DATASET SECTION.
# # # #
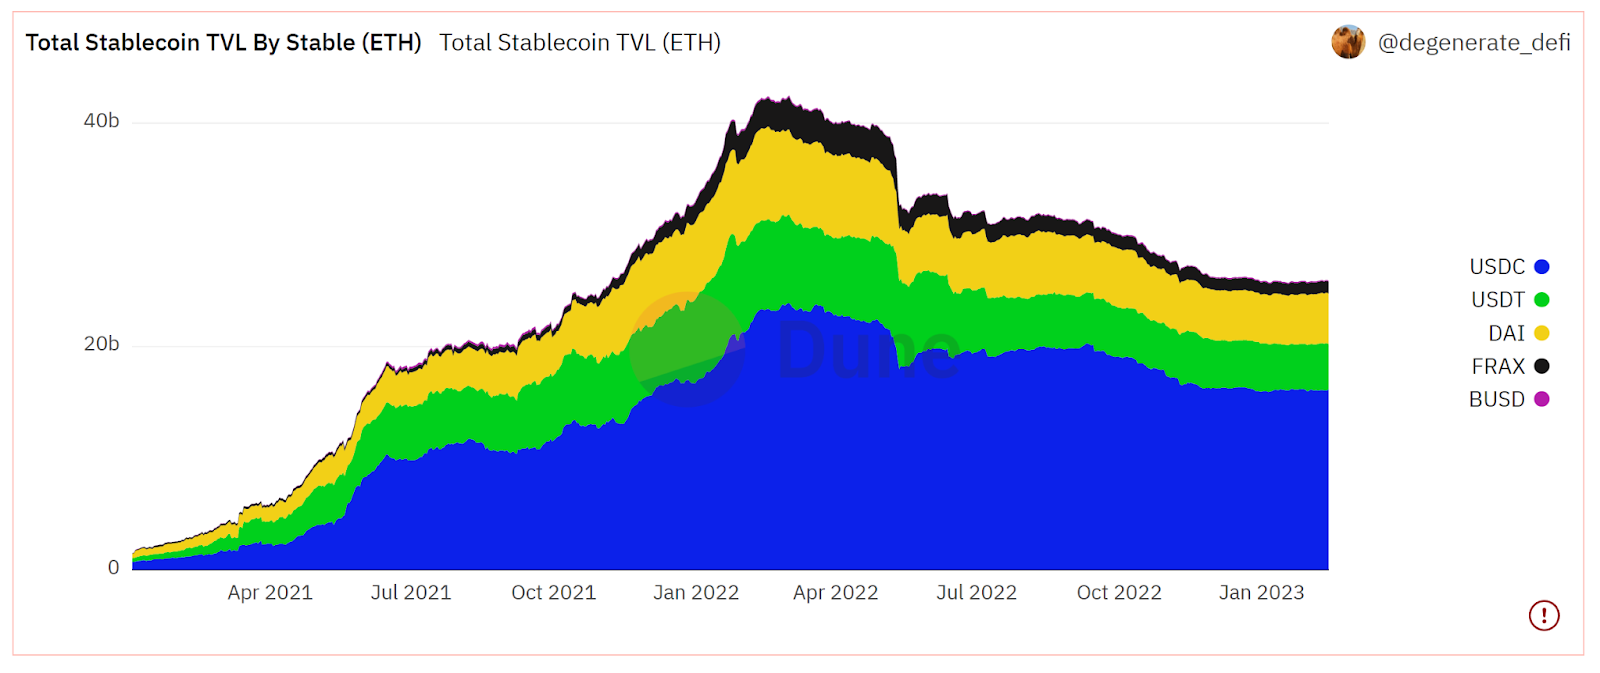 total stablecoin tvl oleh stable eth
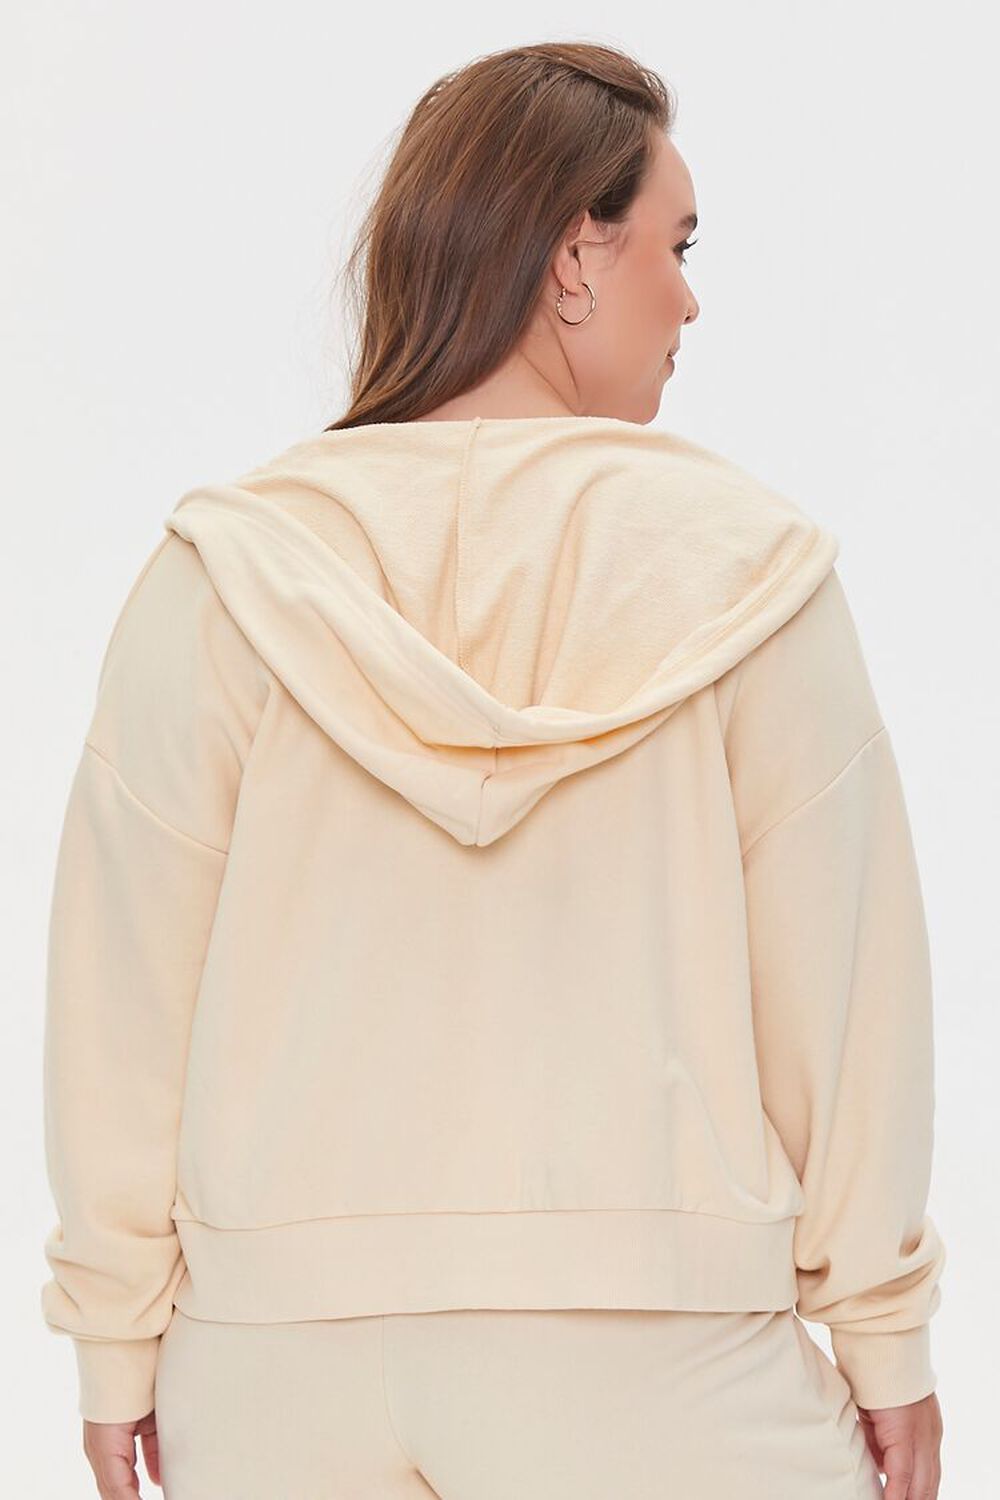 SAND Plus Size French Terry Zip-Up Hoodie, image 3
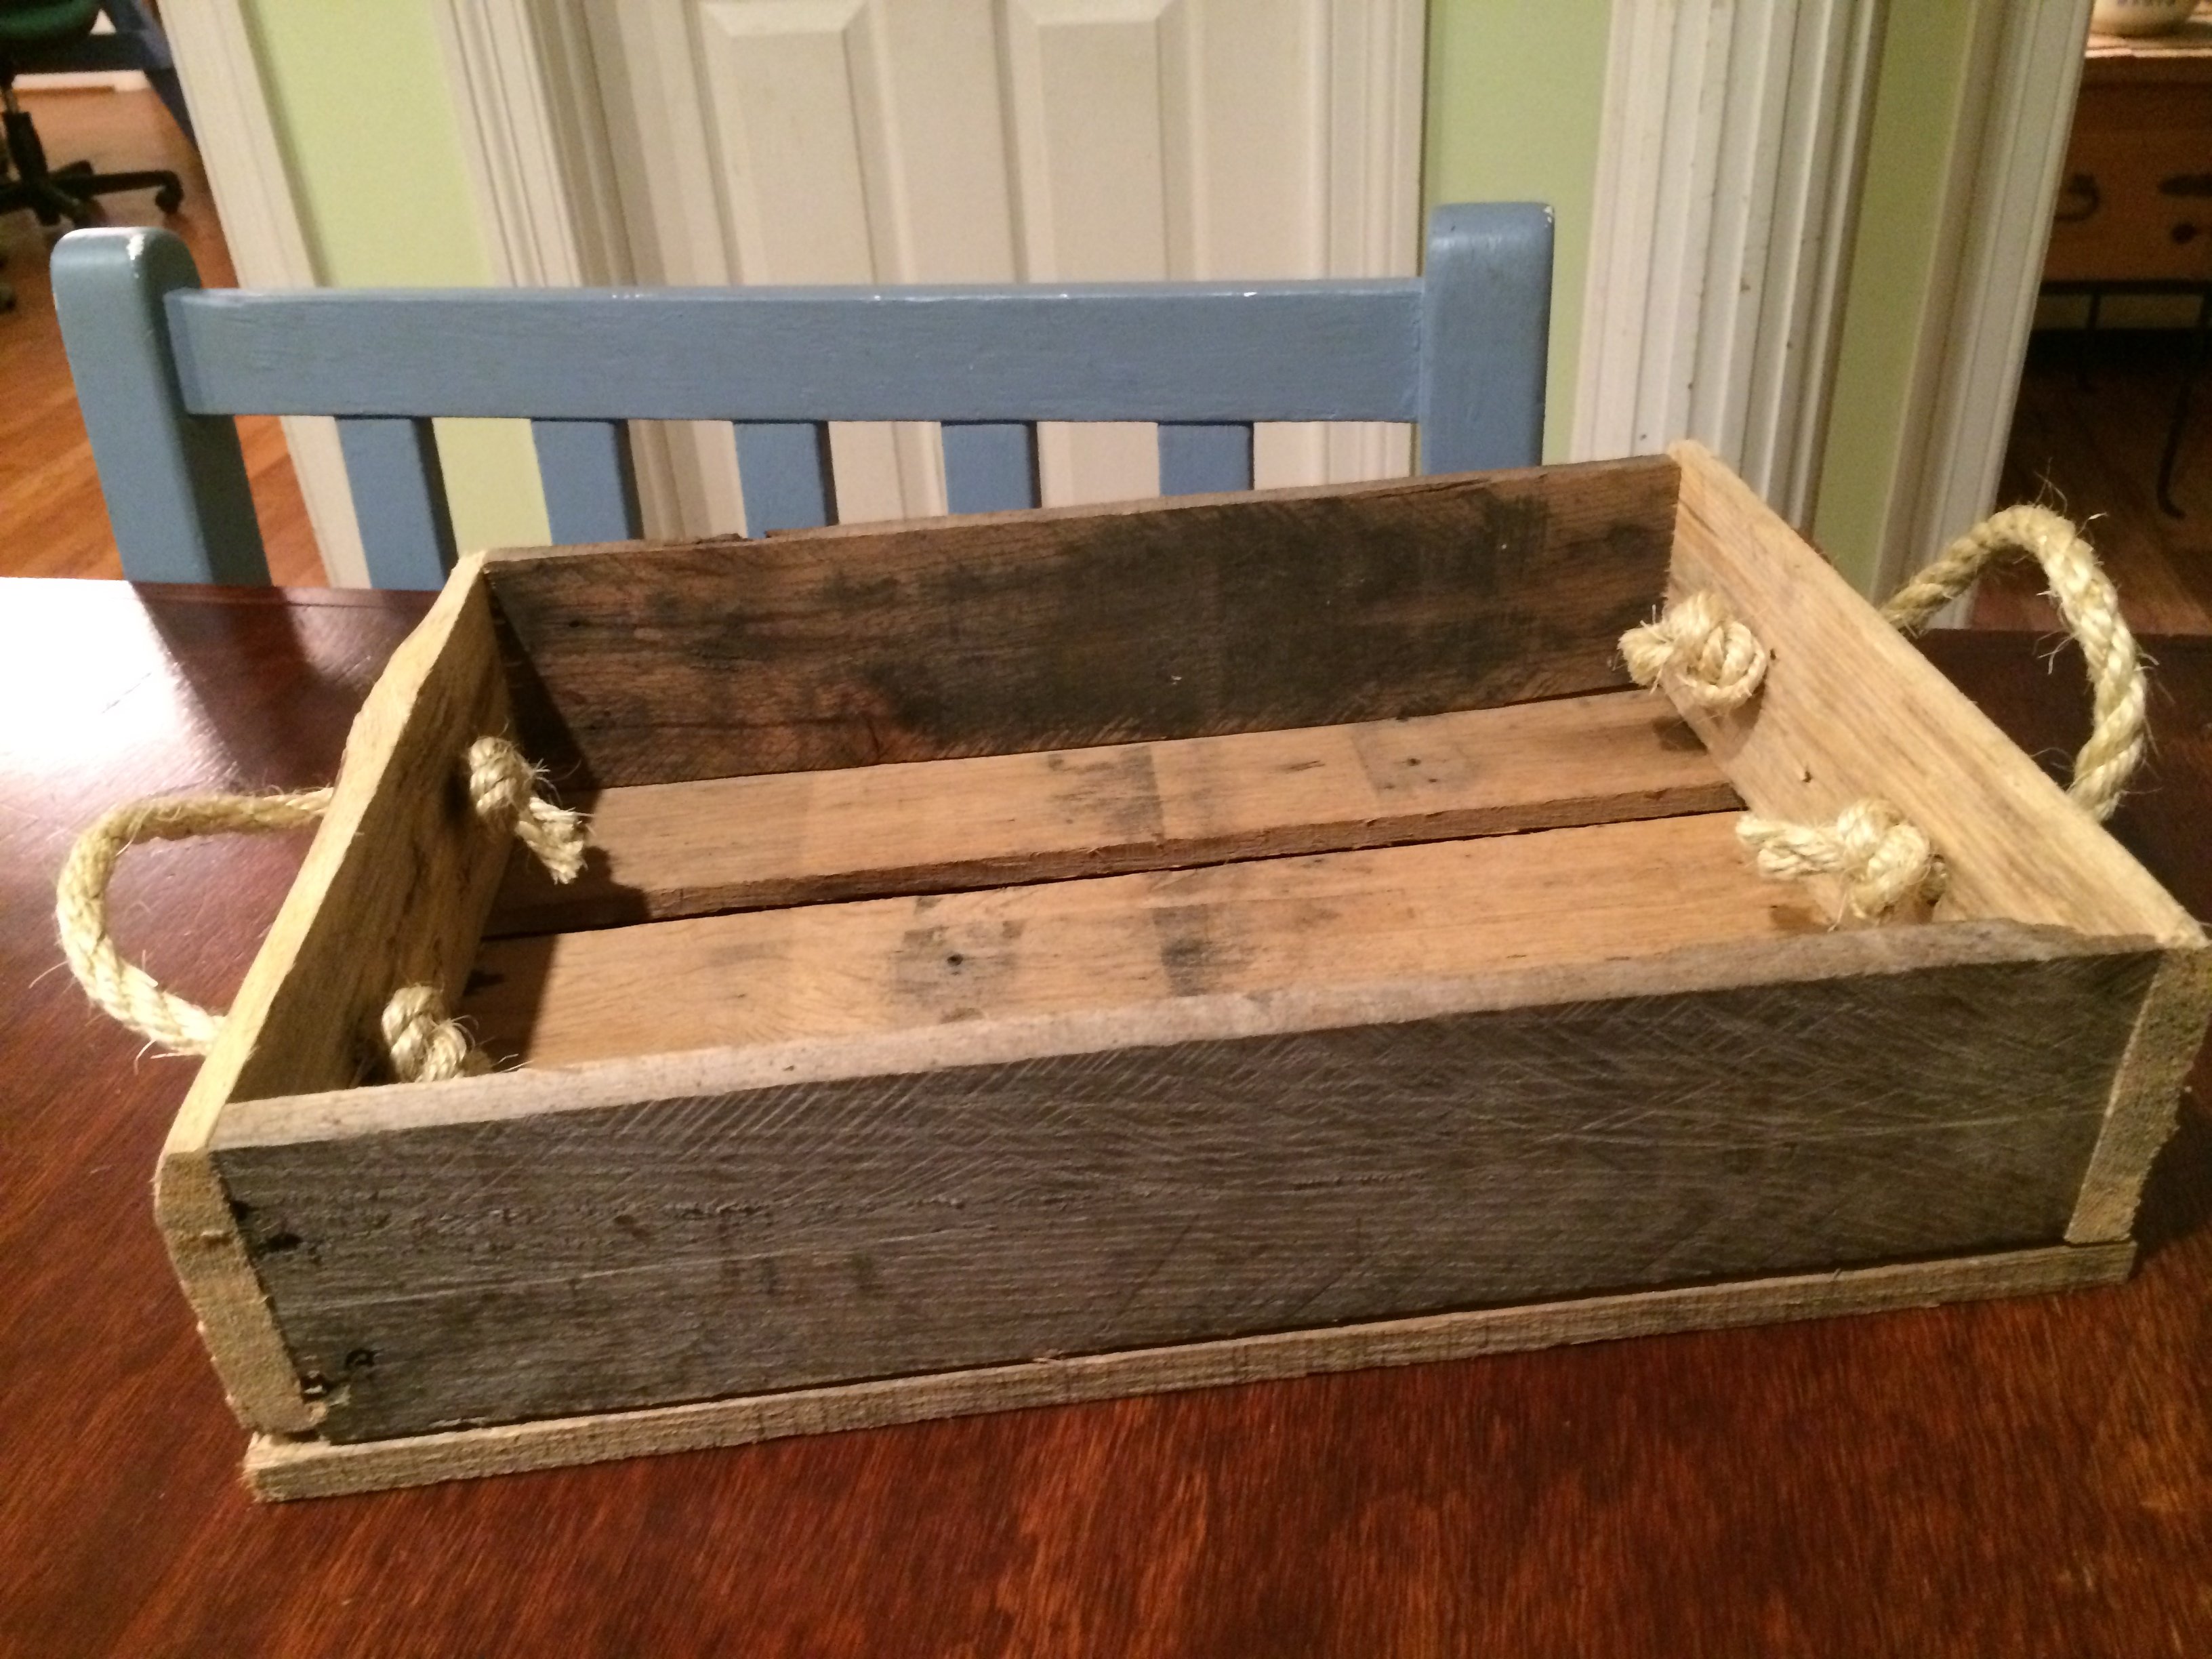 Ana White | Wooden Crate - DIY Projects
# # # #
EXERCISE.
An exact reproduction of the material is needed, without its images.

THE ANSWER.
 total stablecoin tvl oleh stable eth
 SAND Plus Size French Terry Zip-Up Hoodie, image 3
 Ana White | Wooden Crate - DIY Projects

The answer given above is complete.